*** Opening of INPUT ***

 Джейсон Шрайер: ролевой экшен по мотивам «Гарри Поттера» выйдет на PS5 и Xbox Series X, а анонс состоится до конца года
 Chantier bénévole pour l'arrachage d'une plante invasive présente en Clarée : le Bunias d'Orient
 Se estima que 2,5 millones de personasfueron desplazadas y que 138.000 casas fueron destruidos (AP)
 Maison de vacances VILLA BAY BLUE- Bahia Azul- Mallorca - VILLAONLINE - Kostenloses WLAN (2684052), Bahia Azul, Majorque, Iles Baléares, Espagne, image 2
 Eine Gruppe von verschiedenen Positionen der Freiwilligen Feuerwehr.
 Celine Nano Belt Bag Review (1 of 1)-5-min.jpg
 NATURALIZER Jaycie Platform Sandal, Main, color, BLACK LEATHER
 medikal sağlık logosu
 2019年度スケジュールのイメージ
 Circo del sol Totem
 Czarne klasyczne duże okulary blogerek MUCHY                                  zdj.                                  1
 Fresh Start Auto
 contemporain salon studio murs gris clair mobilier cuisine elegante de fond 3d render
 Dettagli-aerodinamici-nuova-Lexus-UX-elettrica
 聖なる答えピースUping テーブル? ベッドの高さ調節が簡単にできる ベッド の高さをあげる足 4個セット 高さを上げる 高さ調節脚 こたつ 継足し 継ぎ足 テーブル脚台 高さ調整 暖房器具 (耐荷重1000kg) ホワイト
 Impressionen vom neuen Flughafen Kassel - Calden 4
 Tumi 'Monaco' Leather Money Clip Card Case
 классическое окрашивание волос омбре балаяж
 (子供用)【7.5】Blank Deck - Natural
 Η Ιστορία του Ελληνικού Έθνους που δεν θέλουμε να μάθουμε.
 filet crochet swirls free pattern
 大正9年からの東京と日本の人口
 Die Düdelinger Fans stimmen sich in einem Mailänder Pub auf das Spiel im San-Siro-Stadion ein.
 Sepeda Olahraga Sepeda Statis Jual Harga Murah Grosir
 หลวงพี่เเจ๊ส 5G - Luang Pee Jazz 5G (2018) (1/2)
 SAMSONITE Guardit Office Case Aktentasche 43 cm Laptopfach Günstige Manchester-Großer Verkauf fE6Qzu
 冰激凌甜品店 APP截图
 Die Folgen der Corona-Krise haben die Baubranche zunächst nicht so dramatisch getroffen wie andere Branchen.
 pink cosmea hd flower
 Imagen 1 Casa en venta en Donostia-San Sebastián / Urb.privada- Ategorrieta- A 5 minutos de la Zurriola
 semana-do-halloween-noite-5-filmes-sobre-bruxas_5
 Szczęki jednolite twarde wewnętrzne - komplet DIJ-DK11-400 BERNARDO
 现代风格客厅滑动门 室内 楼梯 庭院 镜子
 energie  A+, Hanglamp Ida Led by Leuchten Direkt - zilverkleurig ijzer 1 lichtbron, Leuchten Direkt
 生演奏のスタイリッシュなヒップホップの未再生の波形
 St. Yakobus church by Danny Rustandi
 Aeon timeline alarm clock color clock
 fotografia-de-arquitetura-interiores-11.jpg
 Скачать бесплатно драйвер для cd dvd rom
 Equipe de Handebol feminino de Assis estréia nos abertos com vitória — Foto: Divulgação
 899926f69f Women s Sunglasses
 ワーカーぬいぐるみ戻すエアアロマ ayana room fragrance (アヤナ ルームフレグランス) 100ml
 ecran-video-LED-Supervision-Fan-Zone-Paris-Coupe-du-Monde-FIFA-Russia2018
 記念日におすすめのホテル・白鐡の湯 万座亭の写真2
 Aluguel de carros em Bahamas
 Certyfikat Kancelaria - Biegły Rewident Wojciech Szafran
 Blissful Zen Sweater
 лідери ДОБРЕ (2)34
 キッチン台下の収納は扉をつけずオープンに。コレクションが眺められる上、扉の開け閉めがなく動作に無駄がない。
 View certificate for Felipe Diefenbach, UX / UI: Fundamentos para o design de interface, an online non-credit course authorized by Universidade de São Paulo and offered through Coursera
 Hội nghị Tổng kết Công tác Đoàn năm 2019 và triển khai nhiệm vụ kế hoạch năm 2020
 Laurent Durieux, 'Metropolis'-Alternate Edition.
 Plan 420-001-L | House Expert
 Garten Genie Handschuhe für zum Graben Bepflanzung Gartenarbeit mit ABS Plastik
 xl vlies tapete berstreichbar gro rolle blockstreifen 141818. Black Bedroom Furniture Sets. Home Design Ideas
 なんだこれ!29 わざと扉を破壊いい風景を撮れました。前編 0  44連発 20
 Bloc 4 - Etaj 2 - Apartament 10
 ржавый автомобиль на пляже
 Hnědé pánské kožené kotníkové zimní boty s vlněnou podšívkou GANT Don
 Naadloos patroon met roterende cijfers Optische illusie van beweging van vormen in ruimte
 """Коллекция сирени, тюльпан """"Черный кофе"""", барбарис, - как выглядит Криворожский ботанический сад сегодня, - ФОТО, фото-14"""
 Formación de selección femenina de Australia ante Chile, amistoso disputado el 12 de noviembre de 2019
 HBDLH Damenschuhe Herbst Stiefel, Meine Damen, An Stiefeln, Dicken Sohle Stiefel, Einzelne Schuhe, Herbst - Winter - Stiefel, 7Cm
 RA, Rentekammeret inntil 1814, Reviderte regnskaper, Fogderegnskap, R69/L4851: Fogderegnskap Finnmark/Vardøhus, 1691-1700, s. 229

*** Close of INPUT ***

» **TO DO**
Only one stretch of the data above is needed. Restate it word for word, from the line containing "聖なる答えピースUping テーブル? ベッドの高さ調節が簡単にできる" through the line containing "View certificate for", both ends included.

» **EXERCISE ANSWER**
 聖なる答えピースUping テーブル? ベッドの高さ調節が簡単にできる ベッド の高さをあげる足 4個セット 高さを上げる 高さ調節脚 こたつ 継足し 継ぎ足 テーブル脚台 高さ調整 暖房器具 (耐荷重1000kg) ホワイト
 Impressionen vom neuen Flughafen Kassel - Calden 4
 Tumi 'Monaco' Leather Money Clip Card Case
 классическое окрашивание волос омбре балаяж
 (子供用)【7.5】Blank Deck - Natural
 Η Ιστορία του Ελληνικού Έθνους που δεν θέλουμε να μάθουμε.
 filet crochet swirls free pattern
 大正9年からの東京と日本の人口
 Die Düdelinger Fans stimmen sich in einem Mailänder Pub auf das Spiel im San-Siro-Stadion ein.
 Sepeda Olahraga Sepeda Statis Jual Harga Murah Grosir
 หลวงพี่เเจ๊ส 5G - Luang Pee Jazz 5G (2018) (1/2)
 SAMSONITE Guardit Office Case Aktentasche 43 cm Laptopfach Günstige Manchester-Großer Verkauf fE6Qzu
 冰激凌甜品店 APP截图
 Die Folgen der Corona-Krise haben die Baubranche zunächst nicht so dramatisch getroffen wie andere Branchen.
 pink cosmea hd flower
 Imagen 1 Casa en venta en Donostia-San Sebastián / Urb.privada- Ategorrieta- A 5 minutos de la Zurriola
 semana-do-halloween-noite-5-filmes-sobre-bruxas_5
 Szczęki jednolite twarde wewnętrzne - komplet DIJ-DK11-400 BERNARDO
 现代风格客厅滑动门 室内 楼梯 庭院 镜子
 energie  A+, Hanglamp Ida Led by Leuchten Direkt - zilverkleurig ijzer 1 lichtbron, Leuchten Direkt
 生演奏のスタイリッシュなヒップホップの未再生の波形
 St. Yakobus church by Danny Rustandi
 Aeon timeline alarm clock color clock
 fotografia-de-arquitetura-interiores-11.jpg
 Скачать бесплатно драйвер для cd dvd rom
 Equipe de Handebol feminino de Assis estréia nos abertos com vitória — Foto: Divulgação
 899926f69f Women s Sunglasses
 ワーカーぬいぐるみ戻すエアアロマ ayana room fragrance (アヤナ ルームフレグランス) 100ml
 ecran-video-LED-Supervision-Fan-Zone-Paris-Coupe-du-Monde-FIFA-Russia2018
 記念日におすすめのホテル・白鐡の湯 万座亭の写真2
 Aluguel de carros em Bahamas
 Certyfikat Kancelaria - Biegły Rewident Wojciech Szafran
 Blissful Zen Sweater
 лідери ДОБРЕ (2)34
 キッチン台下の収納は扉をつけずオープンに。コレクションが眺められる上、扉の開け閉めがなく動作に無駄がない。
 View certificate for Felipe Diefenbach, UX / UI: Fundamentos para o design de interface, an online non-credit course authorized by Universidade de São Paulo and offered through Coursera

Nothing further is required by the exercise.